Health Letter: Use of Atypical Antipsychotics in Children At All-time High
Use of Atypical Antipsychotics in Children At All-time High
Health Letter Article, April 2013 – Vol. 29, No. 4
The use of psychiatric, or psychotropic, mind-affecting drugs in children has increased exponentially over the past two decades. An estimated 8 million U.S. children are now on at least one type of psychiatric medication for a behavioral disorder or mental illness.
Much of the increased use in recent years has involved a class of medicines called atypical antipsychotics. It is a troubling fact, but one that studies have repeatedly shown, that most of these risky antipsychotic drugs are being prescribed to children for unapproved ? and unproven ? uses. In other words, most of them are not psychotic.
Overview of atypical antipsychotics
The first antipsychotic medications, now known as first-generation or typical antipsychotics, were largely used to treat seriously mentally ill patients, such as those with schizophrenia, institutionalized in inpatient mental-health facilities. In the 1990s, a new class of drugs emerged.

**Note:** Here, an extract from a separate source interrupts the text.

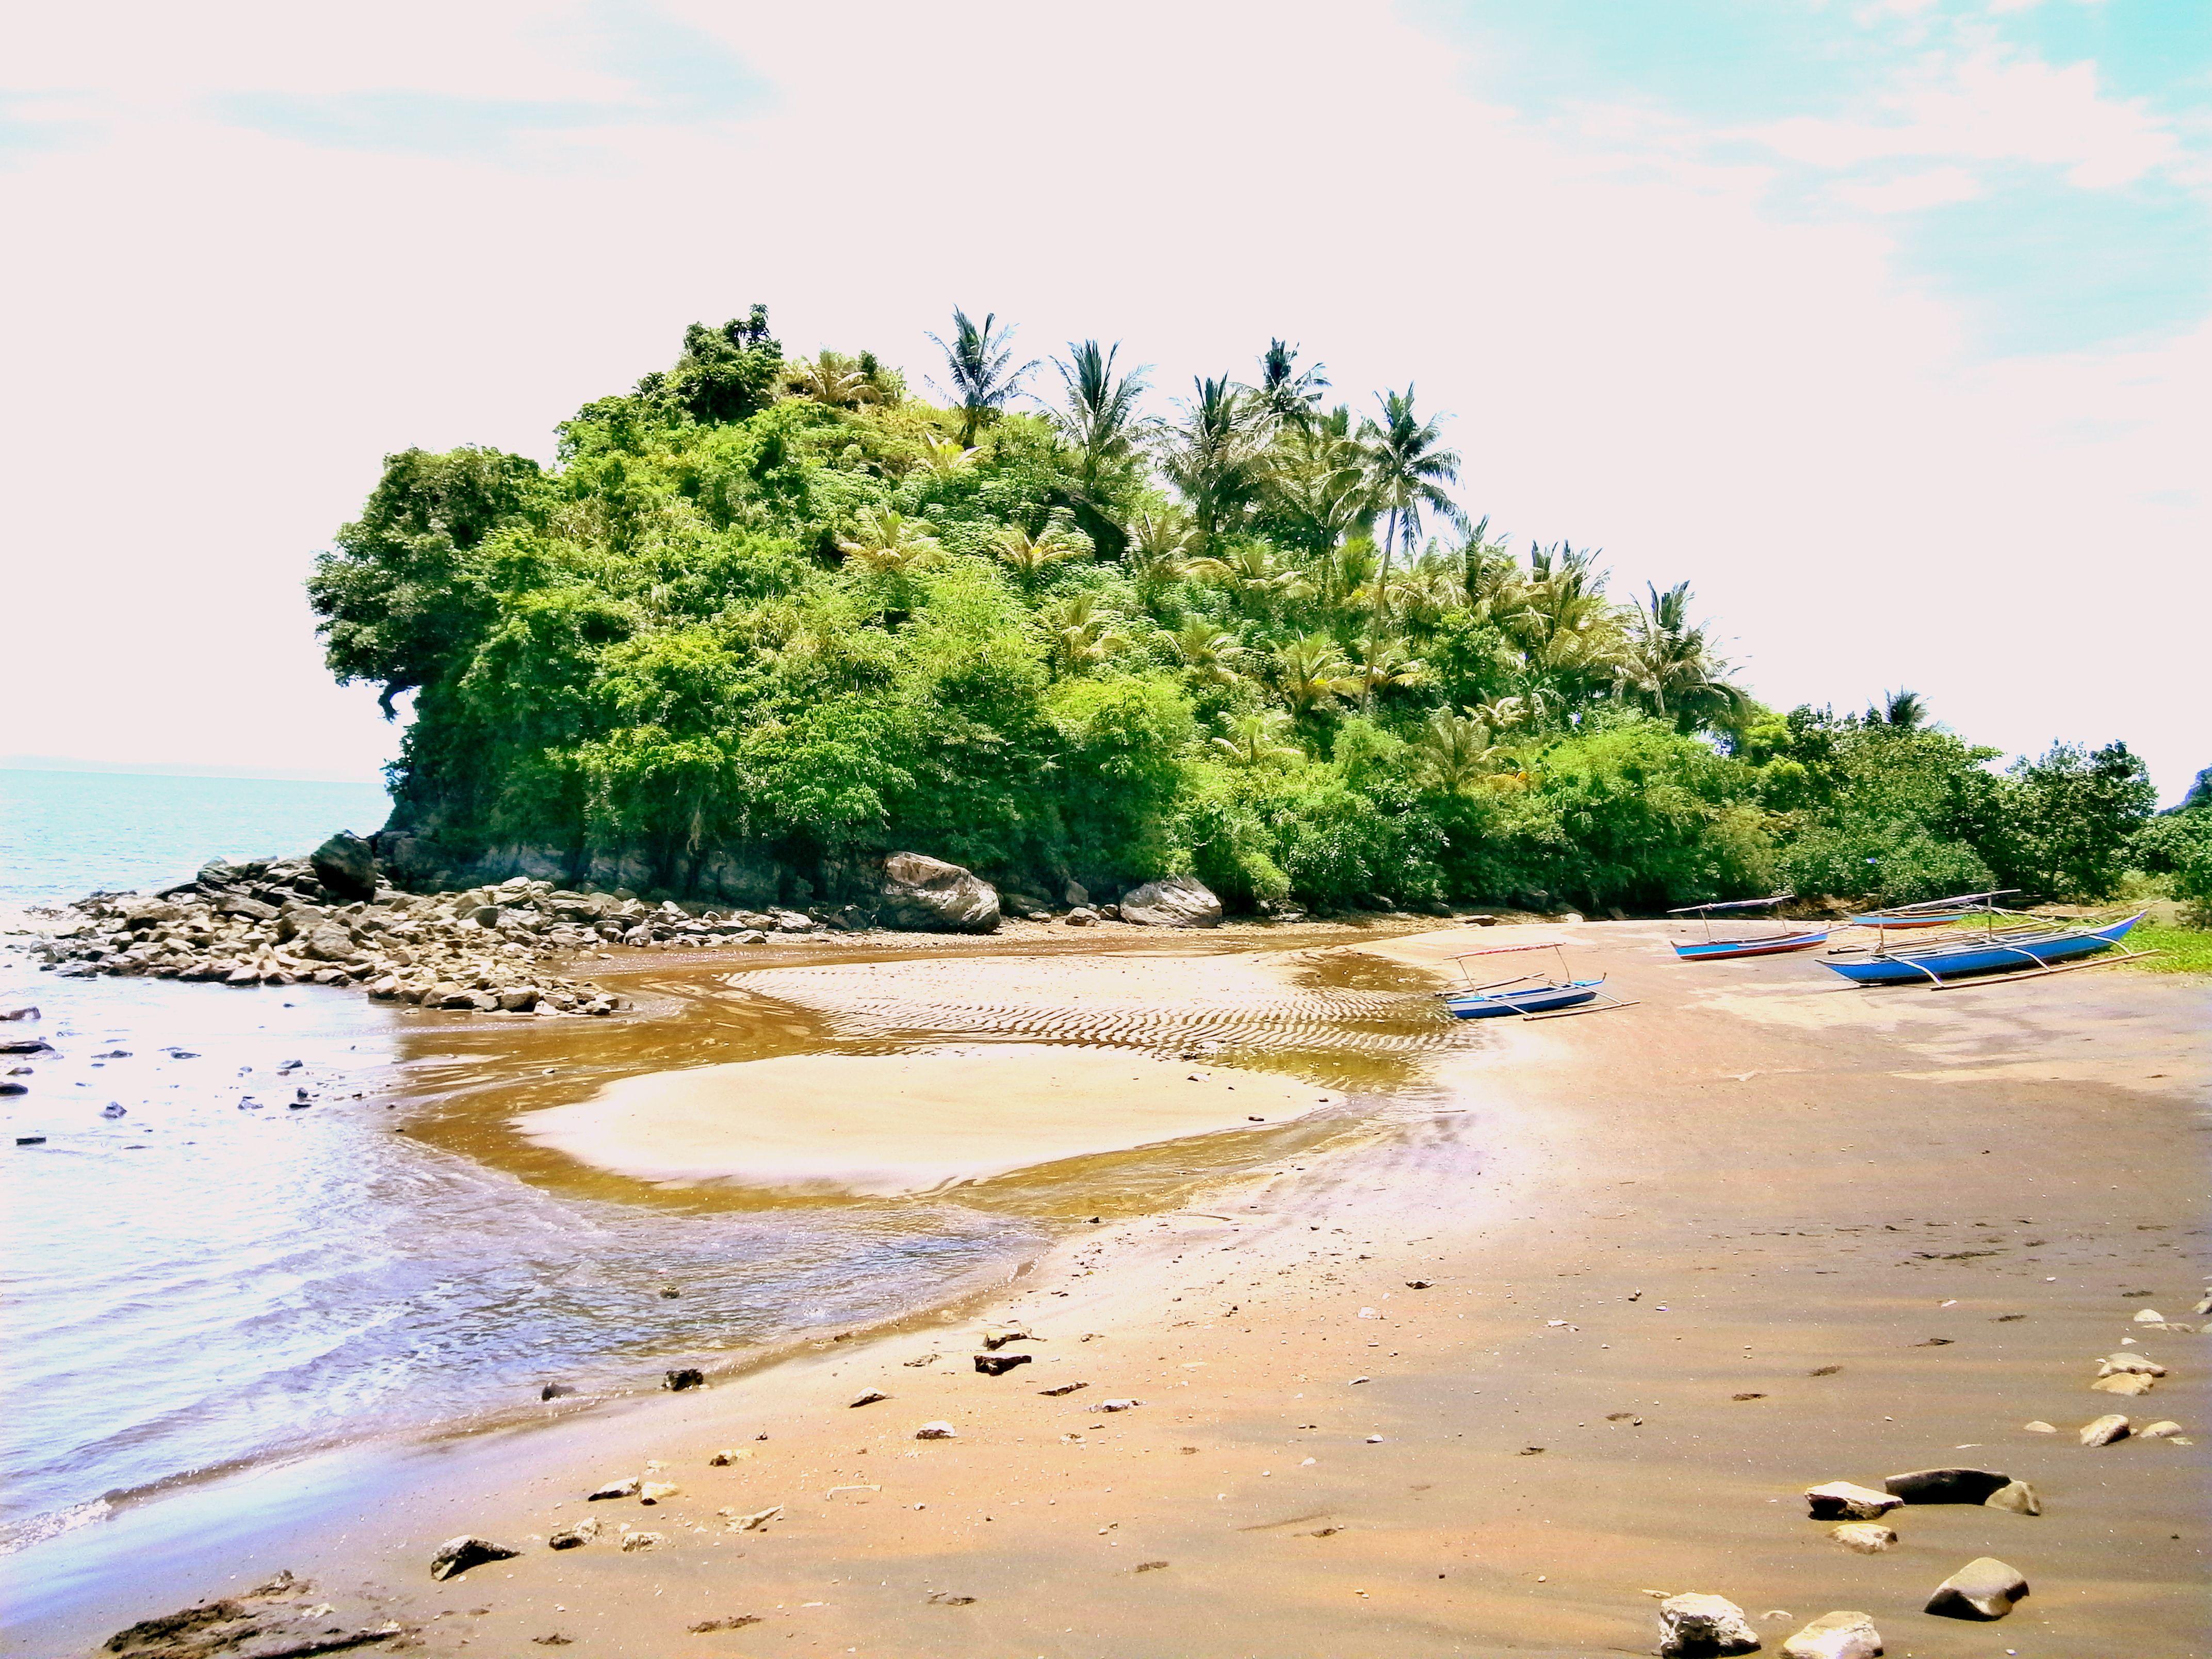 view from 24/7 fun resort, bariis tiwi, albay - bicol | natures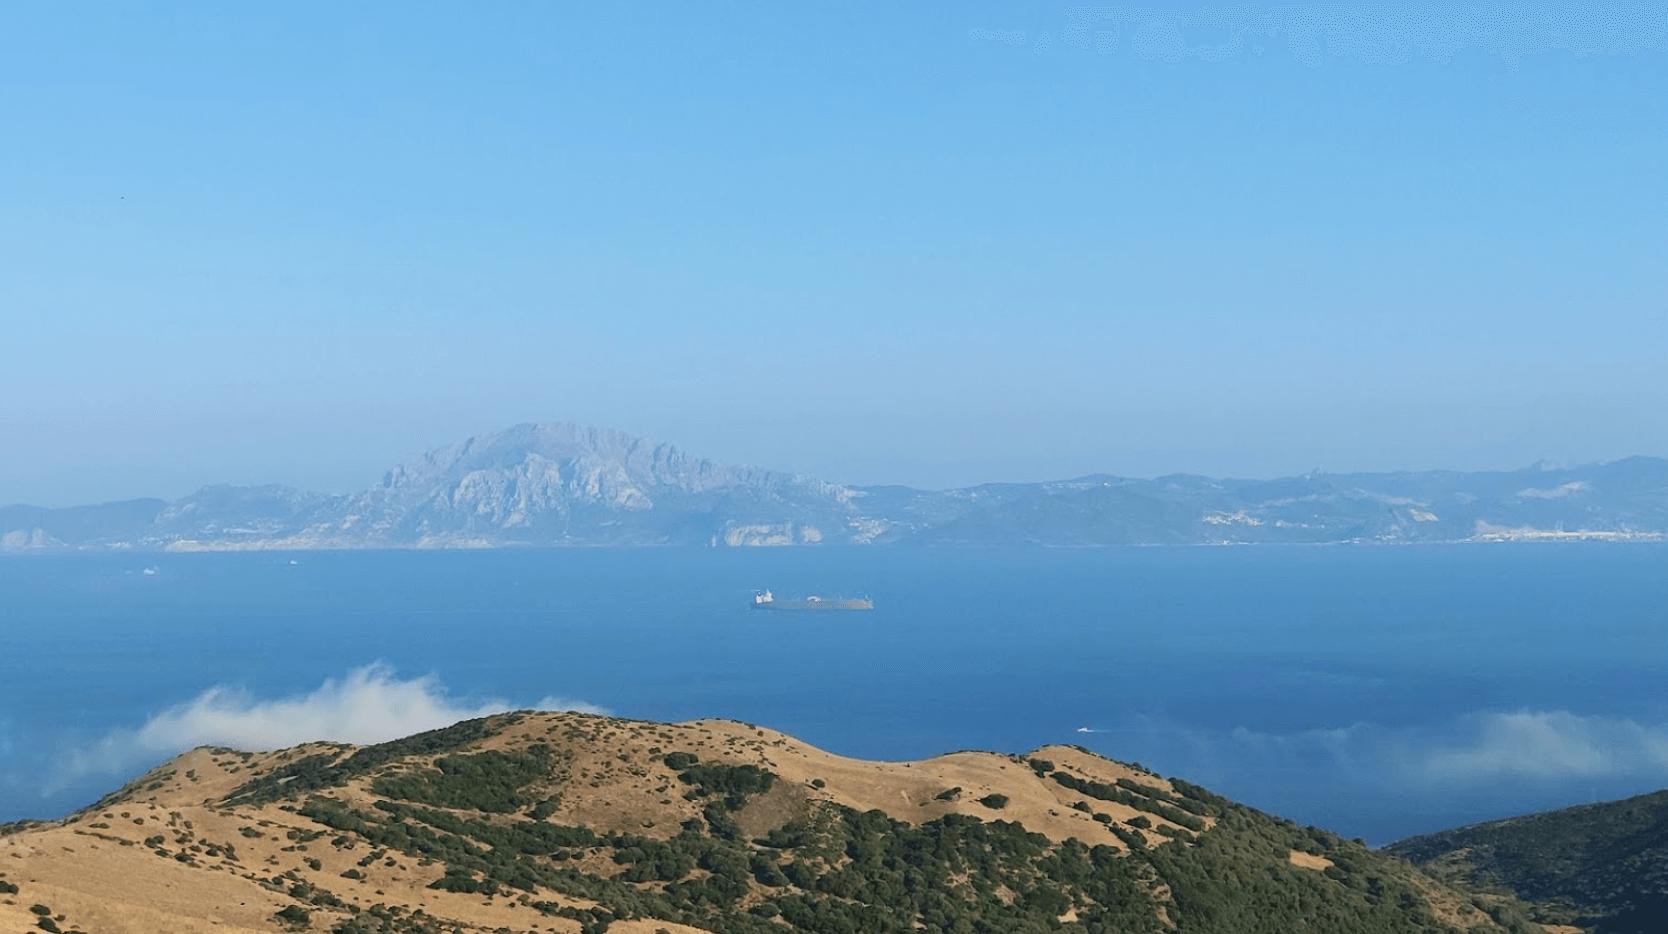 Mirador-del-Estrecho-Tarifa-Cadiz-Andalucia-España-Africa

Called second-generation or atypical antipsychotics, these drugs had fewer side effects than the first-generation medicines, and their debut coincided with the continued transition of common mental-illness treatment from inpatient institutions to outpatient clinics. (Only one atypical antipsychotic, clozapine [Clozaril], was approved prior to the 1990s.) This timing resulted in the widespread use of atypical antipsychotics in the outpatient setting.
Sales of atypical antipsychotics have risen considerably in recent years, from 2.3 million prescriptions per month in November 2005 to 4 million prescriptions per month by September 2011. Sales of the drugs for children have followed a similar trend, increasing
62 percent between 2002 and 2007 in Medicaid-enrolled children.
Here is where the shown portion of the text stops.